Sbaglio o questo è un disco che segna un ritorno alla canzone in quanto tale, come nel tuo primo lavoro?
Era più ortodosso nella forma, quindi sì. Volendo lavorare su questo aspetto del linguaggio, sulla bellezza e volendo anche inserire una serie di tematiche in modo netto rispetto ai dischi precedenti ho sentito l’esigenza di utilizzare delle strutture più formali, accoglienti.
Come pensi che un diciottenne di oggi, diciamo un giovane trap boy, dovrebbe ascoltare Poesia e civiltà? Con quale spirito critico?

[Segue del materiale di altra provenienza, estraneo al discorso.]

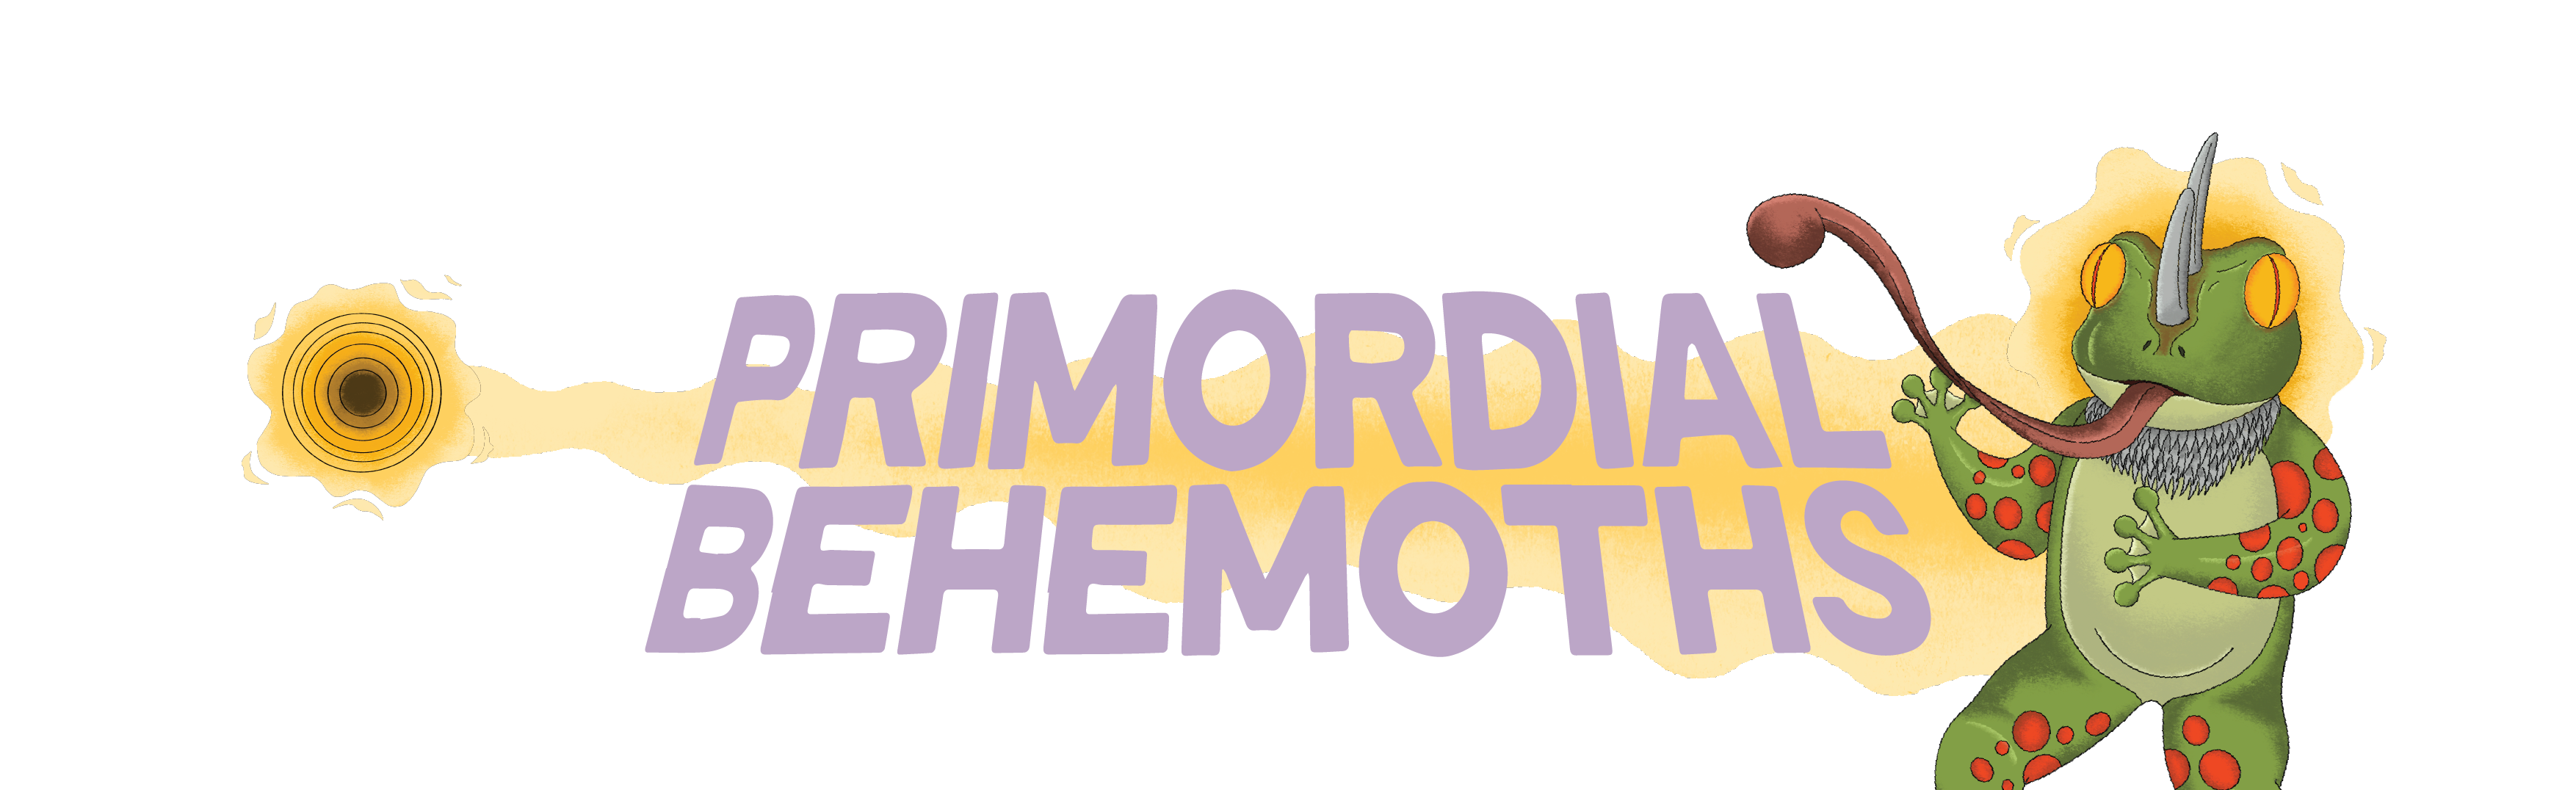 Primordial Behemoths - Rebuilding Terra

Non mi aspetto né mi auspico uno spirito critico. Per me l’esperienza con le canzoni è stata ludica prima di tutto, non di evasione per forza, ed è stata un’esperienza molto imparentata con il dialogare con un amico. Quindi innanzitutto mi piacerebbe se fosse possibile poter instaurare un dialogo con una persona di così tanti anni più giovane di me. I diciottenni saranno ventottenni e trentottenni quindi se quello che sto dicendo ha un senso ci si può arrivare anche non immediatamente. Sono felice se vengono ai miei concerti ma rifiuto di pormi questo tipo di problema.
Hai parlato di Engels. Un altro libro e un autore di un disco che ti ha influenzato?

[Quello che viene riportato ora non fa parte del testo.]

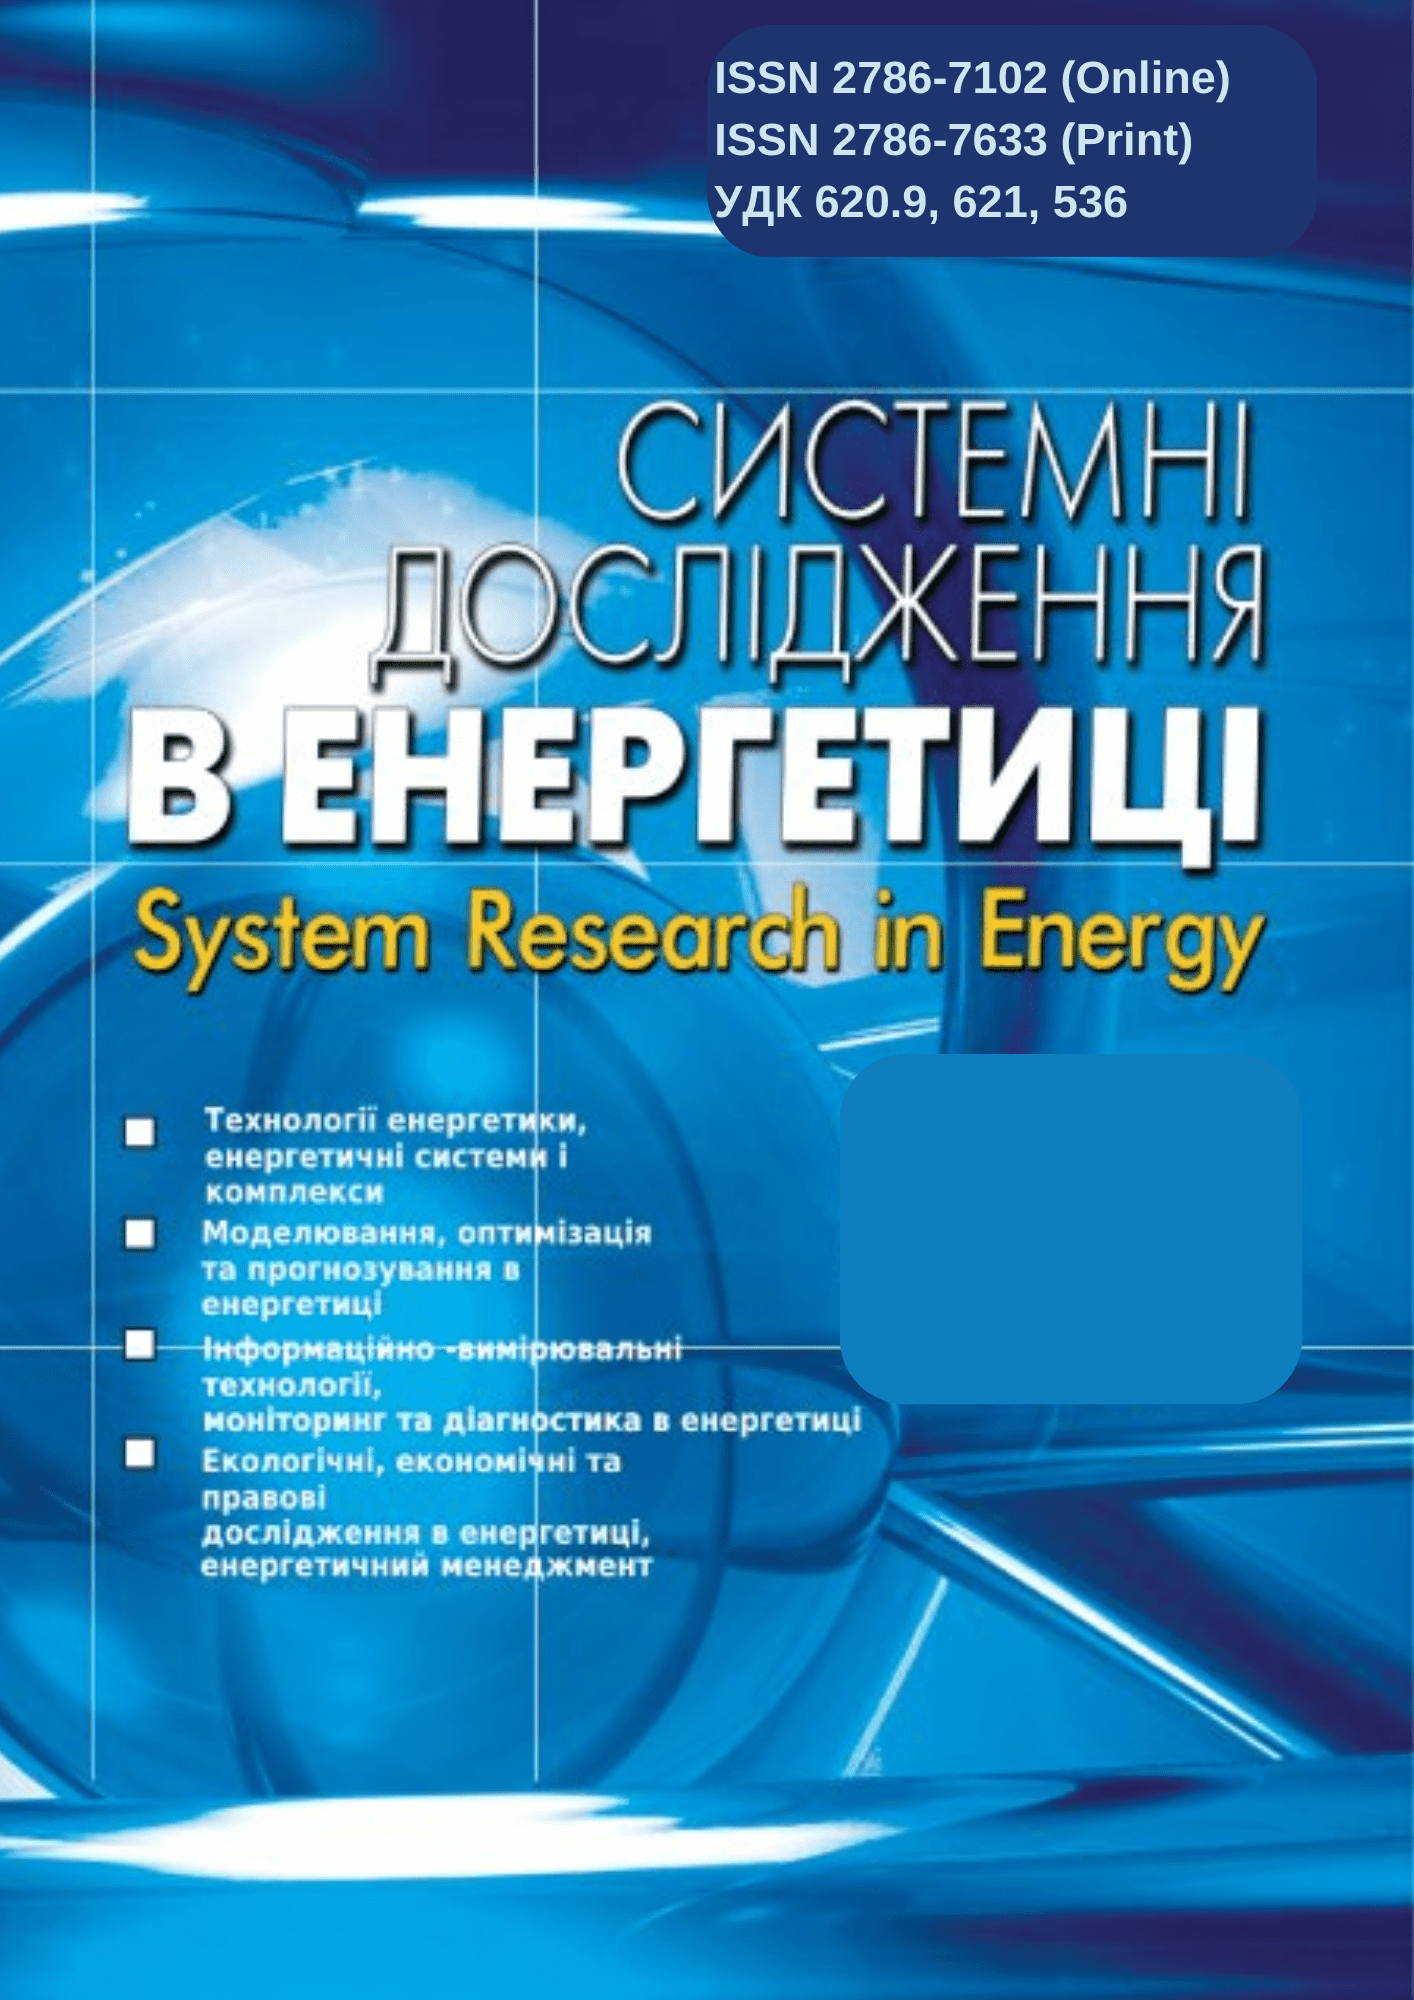 Науковий журнал «Системні дослідження в енергетиці»

Gli ascolti contemporanei che mi hanno più influenzato sono Sufjan Stevens e Skeleton Tree, mi sono innamorato di Jack London, so che è molto ottocentesco, c’è un tipo di idealismo che è fiorito in quel secolo che mi ha molto affascinato. Quando leggi una cosa bella come per me è il testo di Ancient Society e vedi che uno 150 anni fa era così ottimista riguardo quello che l’uomo avrebbe fatto da parlare di rinascita e ti senti proprio di dire “dai facciamo una canzone su questa cosa per dare un altro giro a questa ruota”.